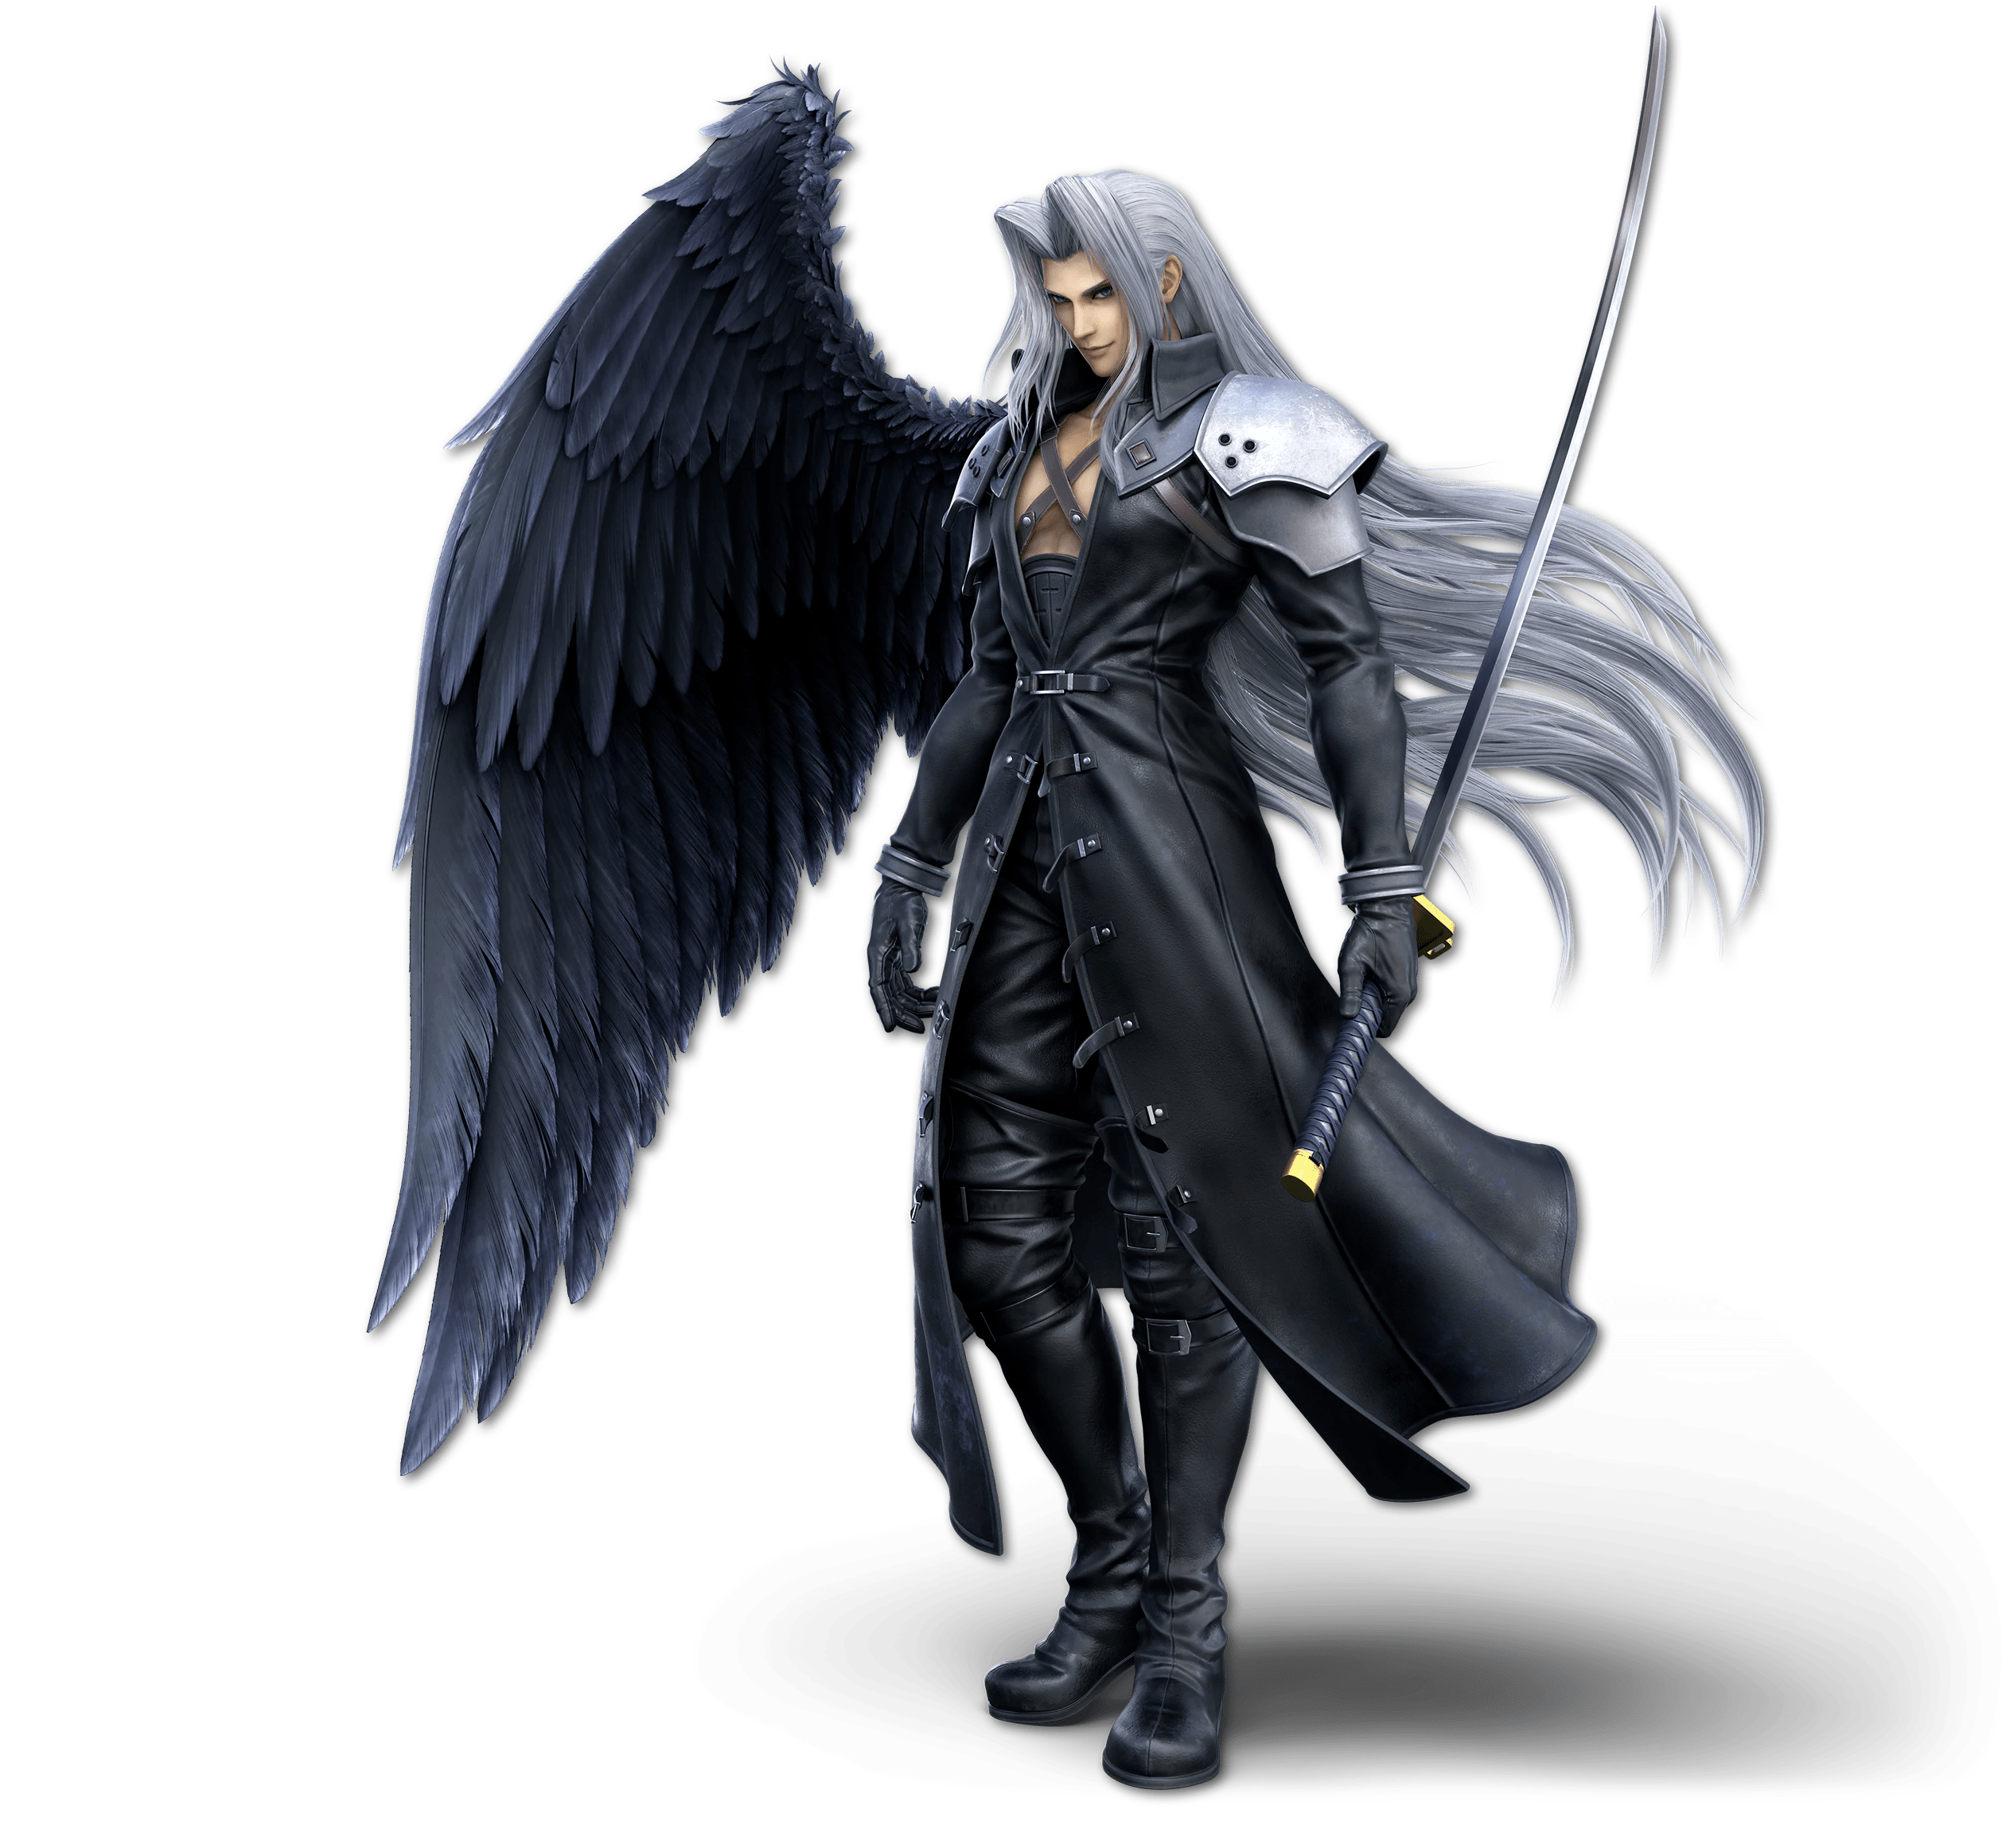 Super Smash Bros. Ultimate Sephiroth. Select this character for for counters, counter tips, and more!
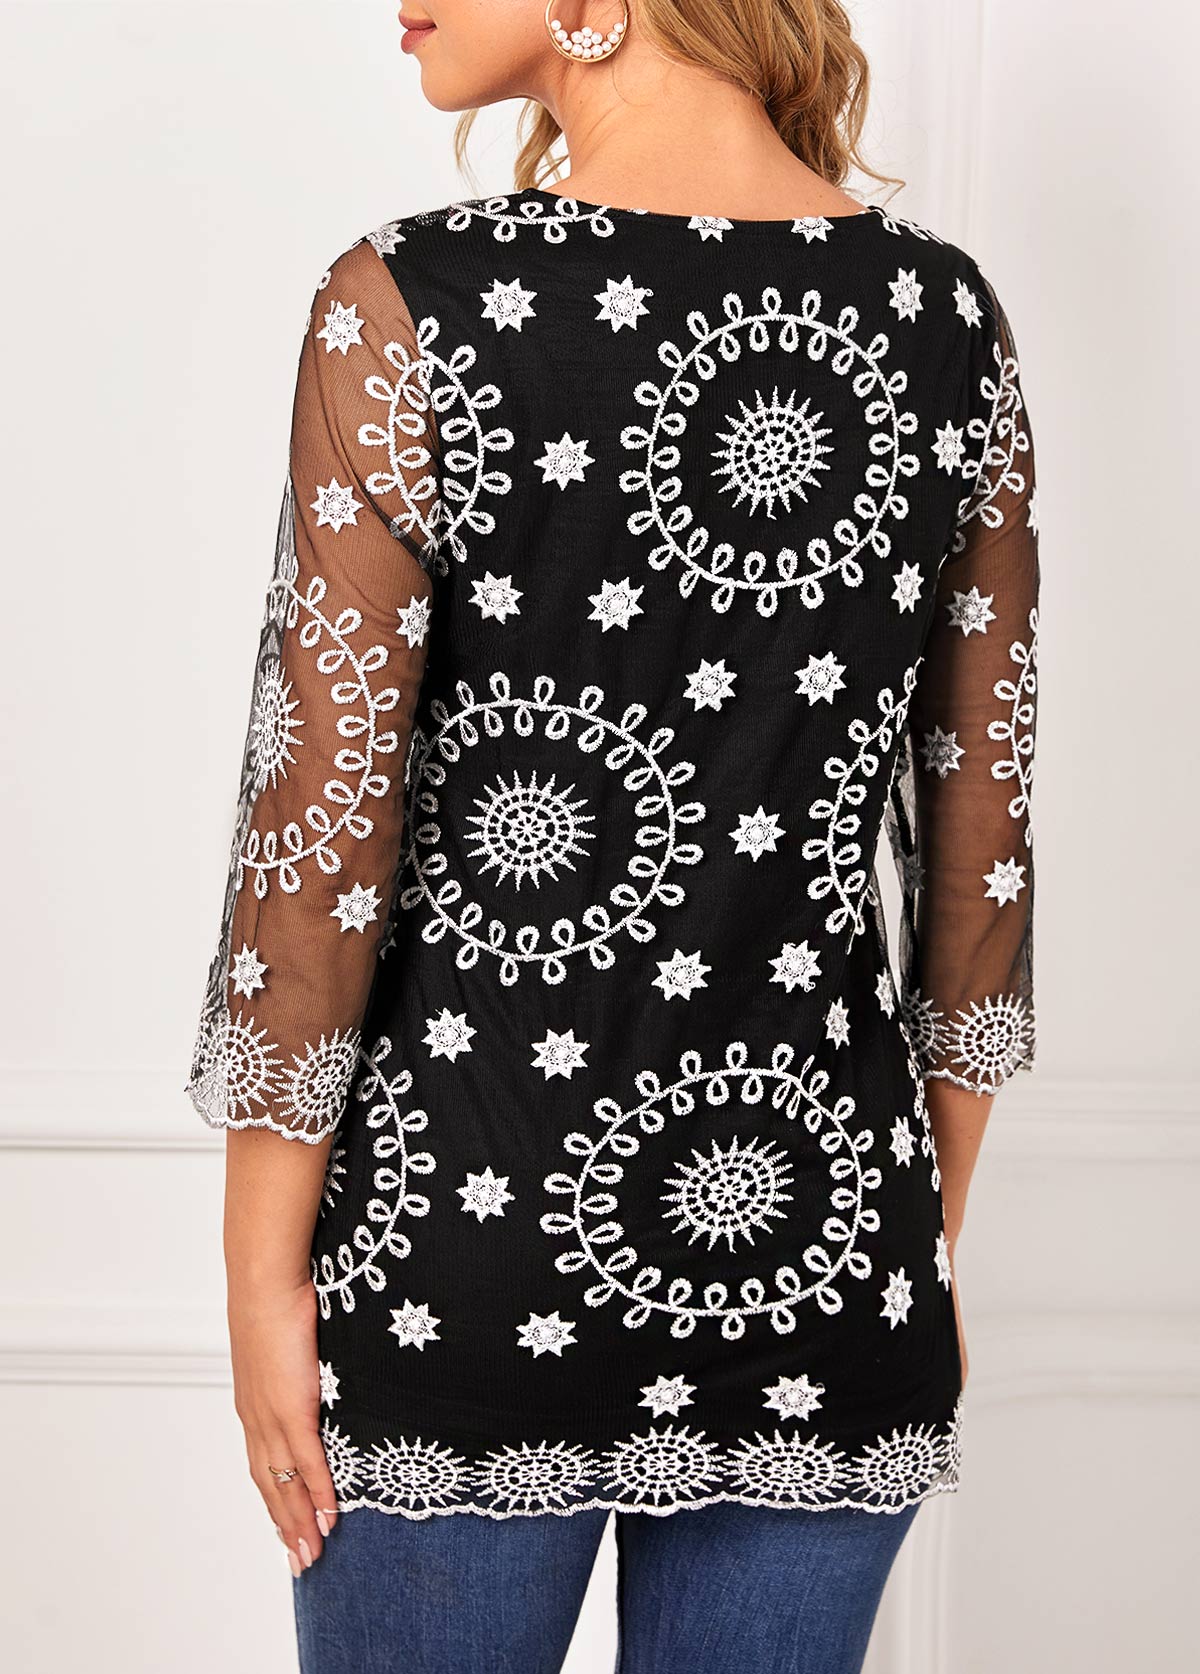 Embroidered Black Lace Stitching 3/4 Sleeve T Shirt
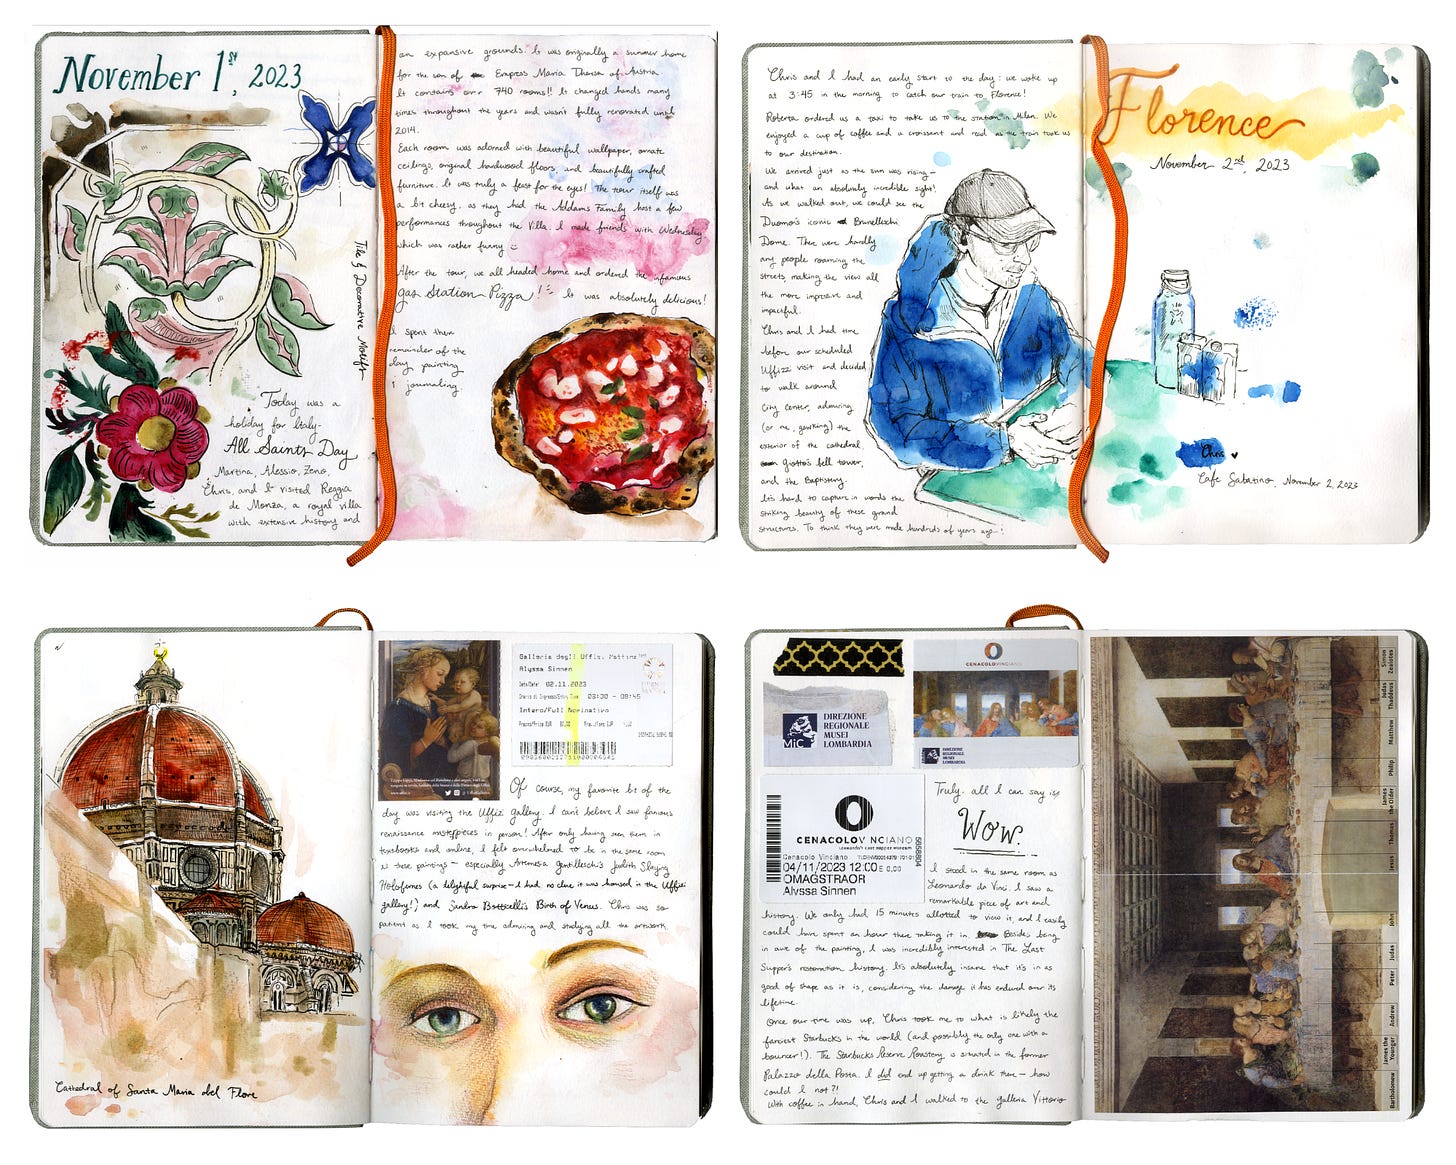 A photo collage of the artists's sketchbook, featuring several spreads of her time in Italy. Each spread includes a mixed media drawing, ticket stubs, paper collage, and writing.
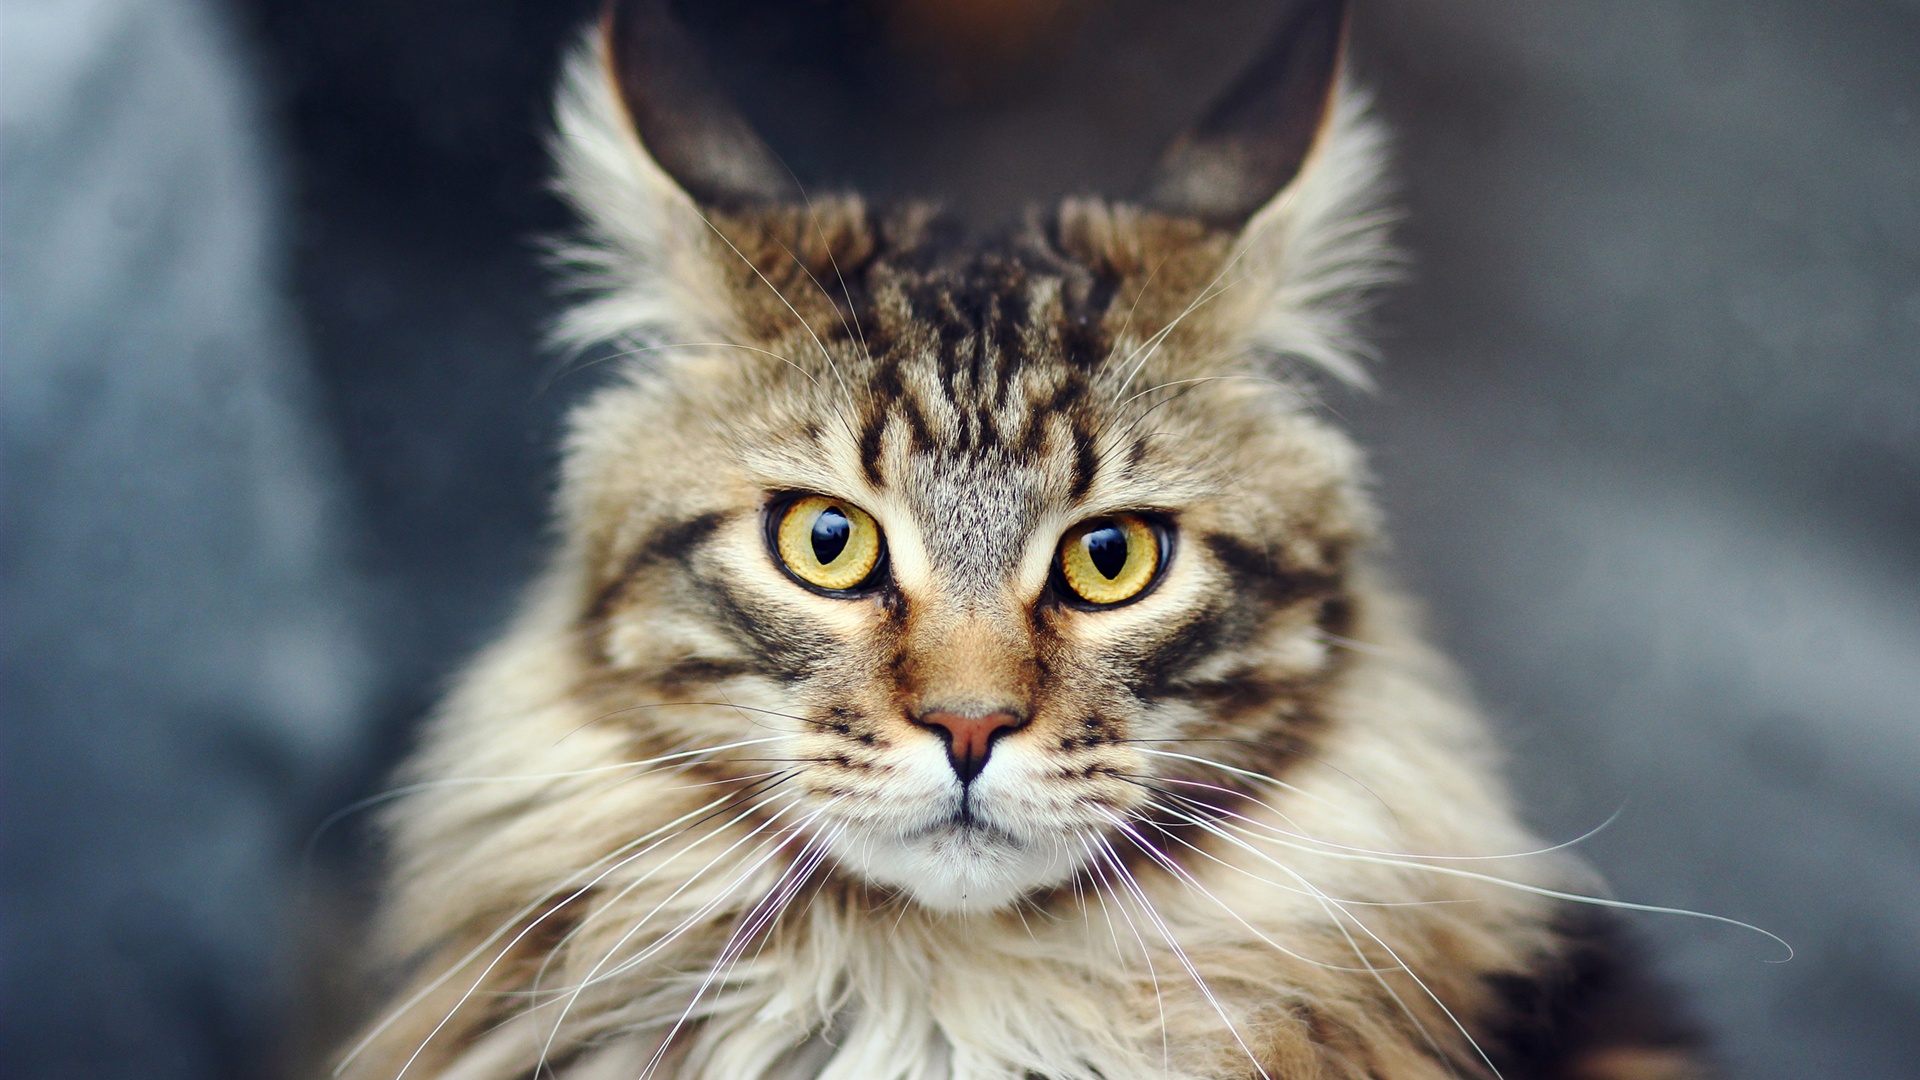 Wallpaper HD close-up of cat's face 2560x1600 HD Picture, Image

━━━━━━━━━━━━━━━━━━━━

**Required work**
An exact retyping of the material, minus the pictures, is the required answer.

**Reply**
 Super Smash Bros. Ultimate Sephiroth. Select this character for for counters, counter tips, and more!
 Embroidered Black Lace Stitching 3/4 Sleeve T Shirt
 A photo collage of the artists's sketchbook, featuring several spreads of her time in Italy. Each spread includes a mixed media drawing, ticket stubs, paper collage, and writing.
 Wallpaper HD close-up of cat's face 2560x1600 HD Picture, Image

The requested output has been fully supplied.